ST. PETERSBURG — Hein Jung has one of the longest arias in all of opera in Ariadne auf Naxos. "It's almost 11 minutes of ravishing coloratura, a lot of high notes, really difficult," the soprano says. "At one point I sing a high D for 16 beats — 10 beats of holding and six beats of trills."
Jung is playing the role of Zerbinetta in Richard Strauss' madcap opera (with a libretto by Hugo von Hofmannsthal), which has been called a "serious trifle" because of its mix of tragic Greek myth and slapstick farce. The premise is ridiculous: By order of the "richest man in Vienna," who is paying for the soiree, an opera is combined with a commedia dell'arte piece in order to get things over with in time for fireworks. Opening on Friday, it's the final production of the season by St. Petersburg Opera.
Grossmachtige Prinzessin (High and Mighty Princess), Zerbinetta's coloratura showstopper, comes in the second half of Strauss' comedy, an opera within the opera in which the prima donna, Ariadne, is on the island of Naxos, praying to die and be put out of her misery because she was abandoned by her lost love, Theseus.
Zerbinetta, a saucy coquette and leader of the commedia troupe, seeks to cheer her up by recounting her own love life, essentially saying that there are plenty of other men out there. It's a marathon performance.
"Not only am I singing Grossmachtige Prinzessin but I am also singing in a quintet before the aria and I don't get to have a break after the aria," Jung says. "It's pretty much 20 minutes of nonstop singing."
Jung, 35, an assistant professor of voice at the University of Tampa, recently sang another high-flying role, the Queen of the Night, in a University of Florida production of The Magic Flute. She'll be covering that role and playing the First Lady in the Opera Tampa production of the Mozart opera next season. Born and raised in Seoul, South Korea, she studied at the University of Wisconsin in Madison, and her credits include the Tanglewood Music Festival in Massachusetts and San Francisco's Merola Opera Program.

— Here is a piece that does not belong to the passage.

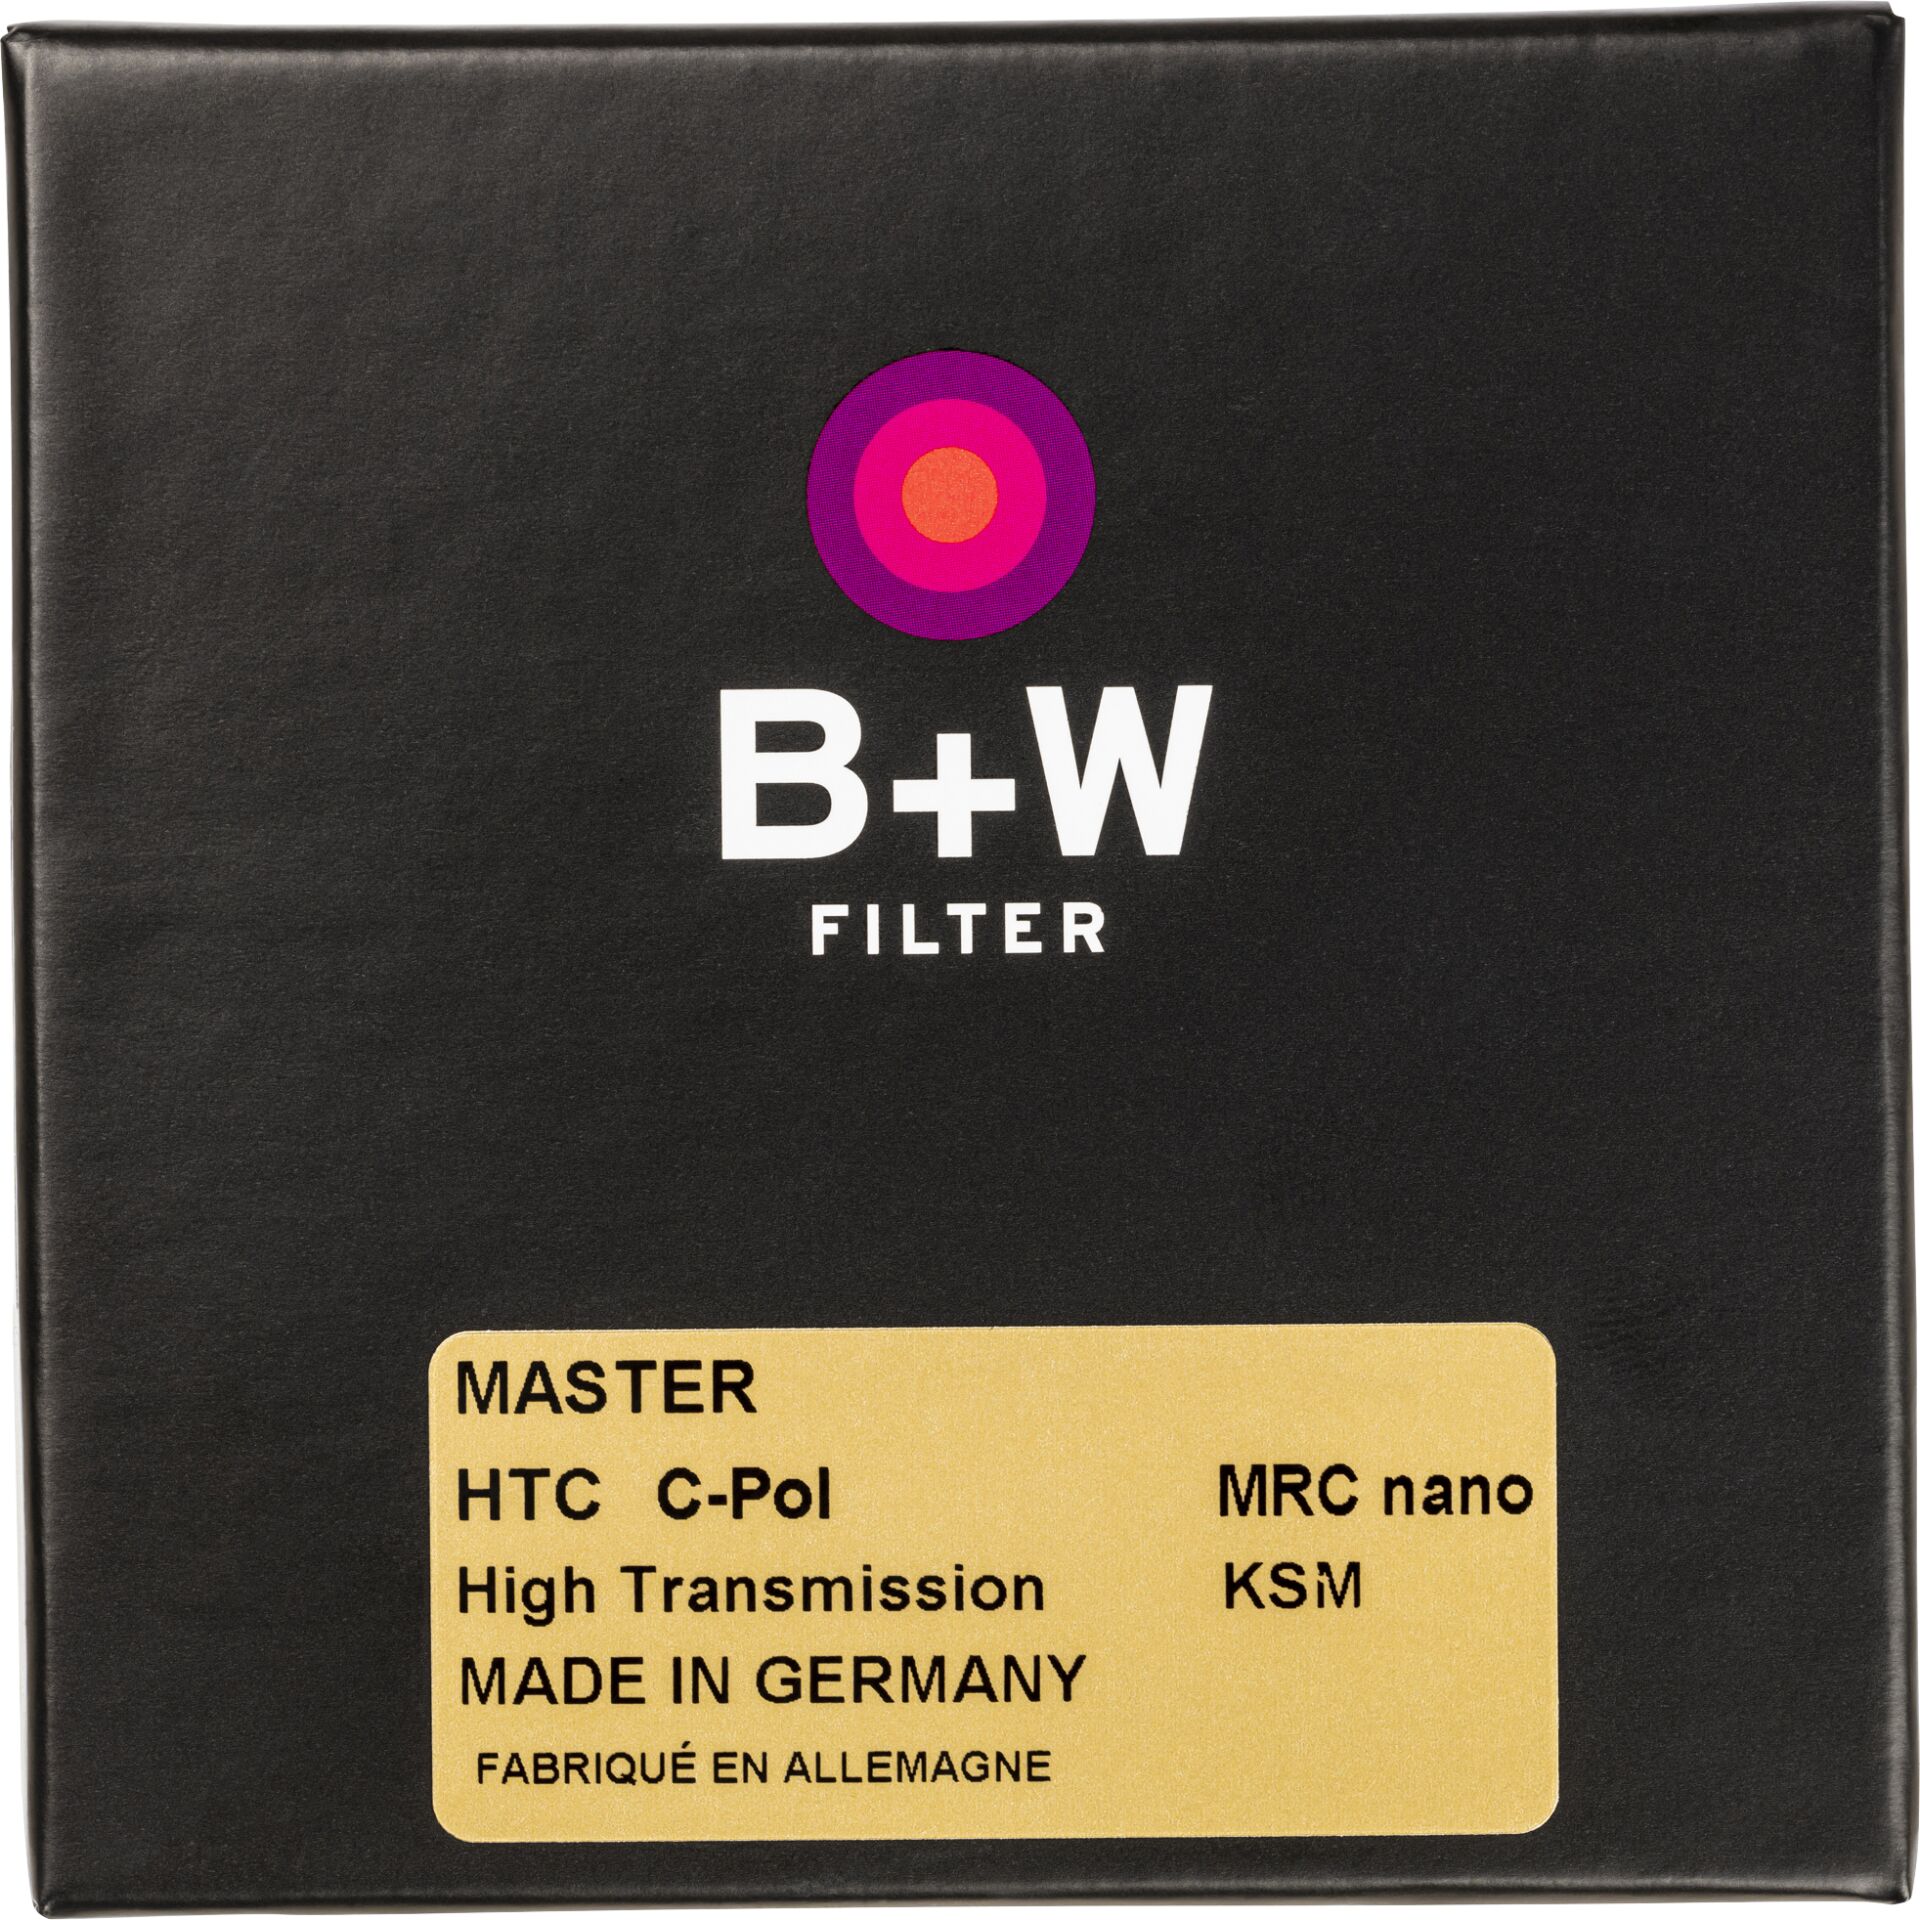 B+W POLFILTER HIGH TRANSMISSON ZIRKULAR MASTER 62mm

The soprano has daughters age 4 and 7, with husband Chanyoung Lee, a researcher at USF's Center for Urban Transportation Research, and juggles parenthood, teaching and her career as an opera singer. She and UT pianist Grigorios Zamparas are preparing an album of songs by Liszt for the Centaur label, recorded in the school's splendid new Sykes Chapel.

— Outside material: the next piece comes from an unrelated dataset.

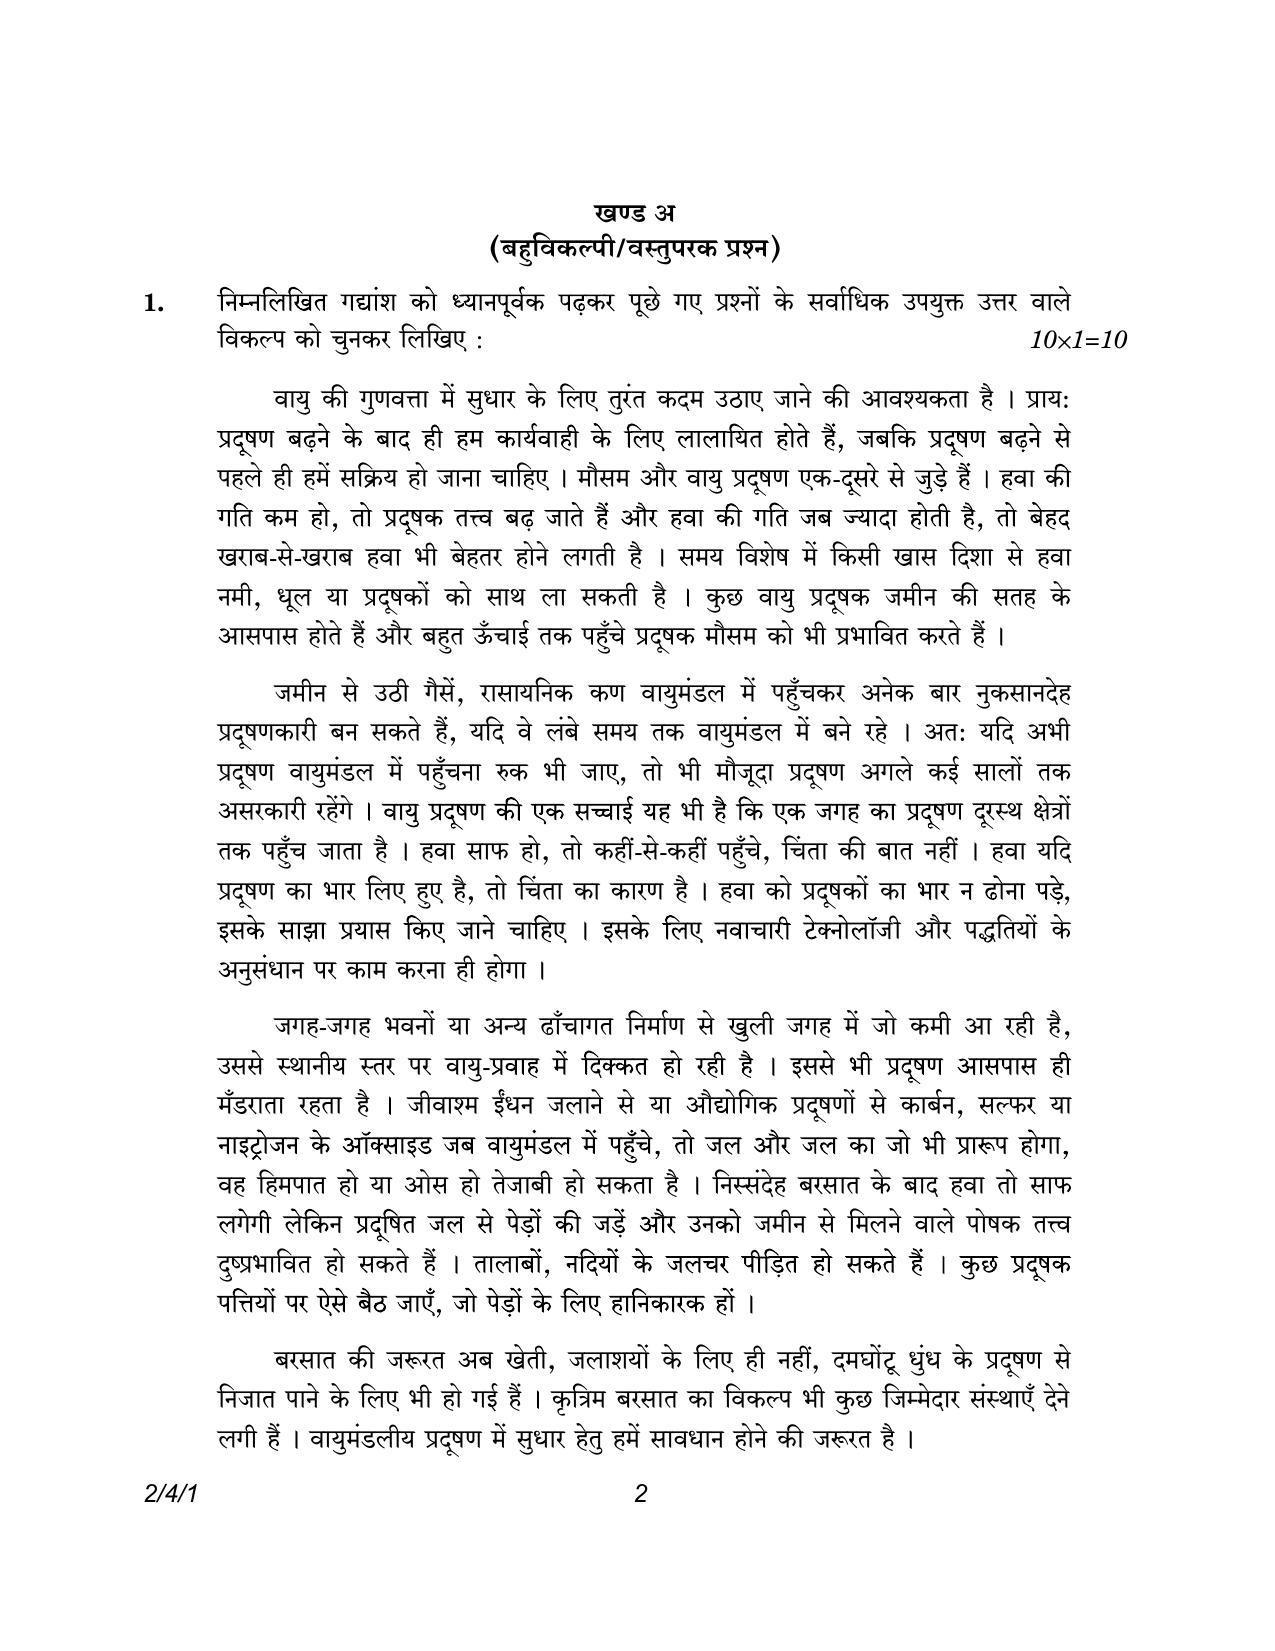 CBSE Class 12 2-4-1 Hindi Core version 2023 Question Paper - Page 2

Along with Zerbinetta, the Strauss opera features two other plum female roles in Ariadne (soprano Elizabeth Beers Kataria) and the Composer (mezzo-soprano Deborah Domanski). With a cast of 16 characters, the opera has an orchestra of 36 musicians.
"It can be very complicated music, because each stand of strings has its own part," said the company's artistic director and conductor Mark Sforzini. "The violins first stand are doing something different than the violins second stand a lot of the time, and that's different than the violins third stand."
Ariadne auf Naxos is the first opera the company rehearsed in its new home, a former warehouse building just west of downtown St. Petersburg that it purchased for $425,000 last year. The main rehearsal hall is large enough that while principal cast members worked on a scene, the cover cast could shadow them in an adjacent space.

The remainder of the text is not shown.